Originally published as a featured column in the September/October 2024 Issue of Indoor Comfort Marketing.
Fuel company acquisitions continue to succeed or fail based on the same core principles as they always have. But several factors have changed the playing field. It’s still a nine-inning ballgame, but the outfield fences have been moved back.
While some of these factors — like macroeconomic trends and private equity dynamics — may seem worlds away from the concerns of small business owners looking to buy or sell, the deal landscape is in many ways shaped by the same factors impacting large businesses. According to the latest S&P Global Market Intelligence Data, the pace of lower middle market merger and acquisition activity has slowed significantly in 2024 compared to the boom in 2021 and 2022. In the delivered fuels and HVAC sectors, we are seeing nominal slowdowns in acquisitions due to tightened bank underwriting. Still, acquisitions remain fairly steady. Deals are still getting done, but they’re taking longer, and they’re a bit more challenging to bring to close.
The requirements for getting these deals to close are shifting. Buyers — and subsequently, sellers —are embracing new structures to bring acquisitions across the finish line. The all-cash deal of 2021 is giving way to offers that include a mix of cash and structured payments, reflecting the changing market conditions. And as a rule, we are seeing fewer active buyers in the mix.

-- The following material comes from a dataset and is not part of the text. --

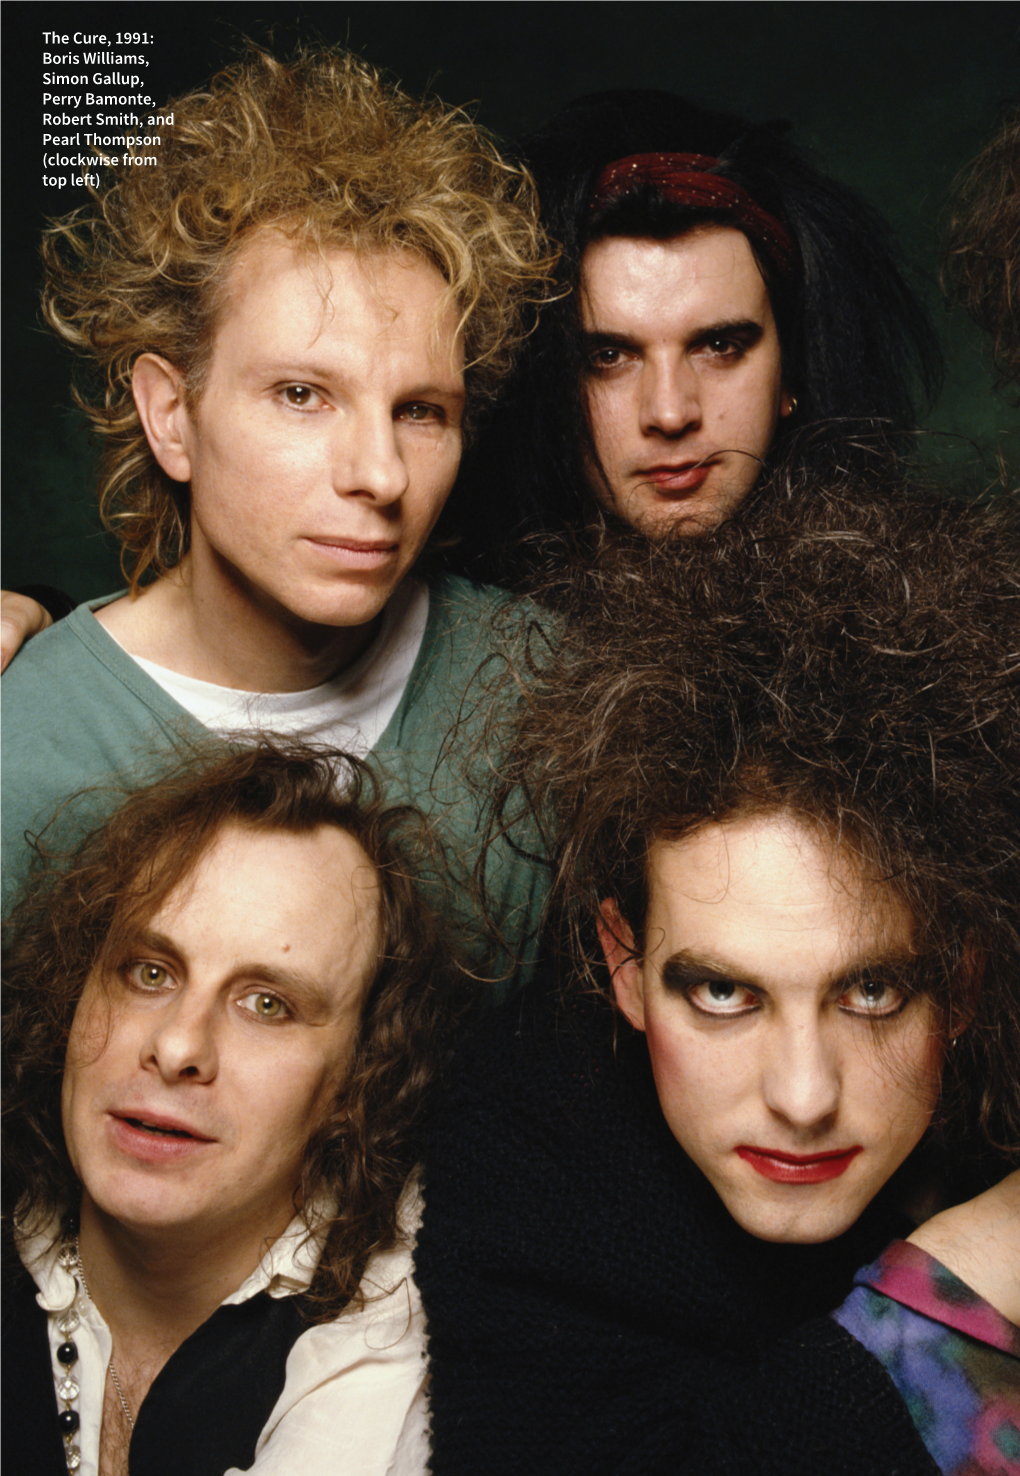 The Cure, 1991: Boris Williams, Simon Gallup, Perry Bamonte, Robert Smith, and Pearl Thompson (Clockwise from Top Left)

The good news is that a steady flow of transactions continues. Given the Federal Reserve’s lower interest rate signals, combined with an abundance of “dry powder” (capital raised but not yet invested) from private equity, the outlook is positive for the rest of the year. However, it will be crucial for fuel and HVAC companies to understand the current financial climate in order to take full advantage.
What to Expect Based on Company Size
EBITDA under $2 million. Companies in this size range encompass most of the delivered fuels and HVAC landscape. Typically, businesses in this category carry revenues below $15 million. They must often be creative to reach an agreement as they strive to complete deals with fewer tools than companies further up the size chain. While offer structures are dependent on the quality of the assets for sale and the financial strength of the buyer, the dominant financing involves “traditional” tools, including personal equity, bank term debt (including SBA-guaranteed loans), equipment lines of credit and commercial mortgages. Compared with earlier this decade, we are seeing a heavier use of seller financing notes and earnout structures to bridge the gap between available bank financing and sellers’ expectations. Earnouts based on achieving targeted EBITDA, gross profit or retained gallons for both fuel and HVAC sellers are now common, especially where there is uncertainty about maintaining historical earnings.
EBITDA Between $2 million and $4 million. Businesses in this range generally have revenues of up to $50 million. The traditional financing tools noted in the prior section, including bank financing and earnout arrangements, remain common in this size range. At this size level, we begin to see an appetite from private capital providers to support strong management teams and growing companies with credit and equity financing. These non-bank capital sources have begun aggressively serving this space as traditional bank lending has receded. Capital providers are extending a mix of products to business owners, including senior and subordinated debt, mezzanine debt and unitranche loans (i.e., where one loan facility covers both senior and subordinated debt). Private capital sources frequently come into play for business recapitalizations and funding sizeable acquisitions. It has become increasingly common for sellers to roll over a portion of their equity into the acquiring company, allowing them to participate in future growth and benefit from tax advantages.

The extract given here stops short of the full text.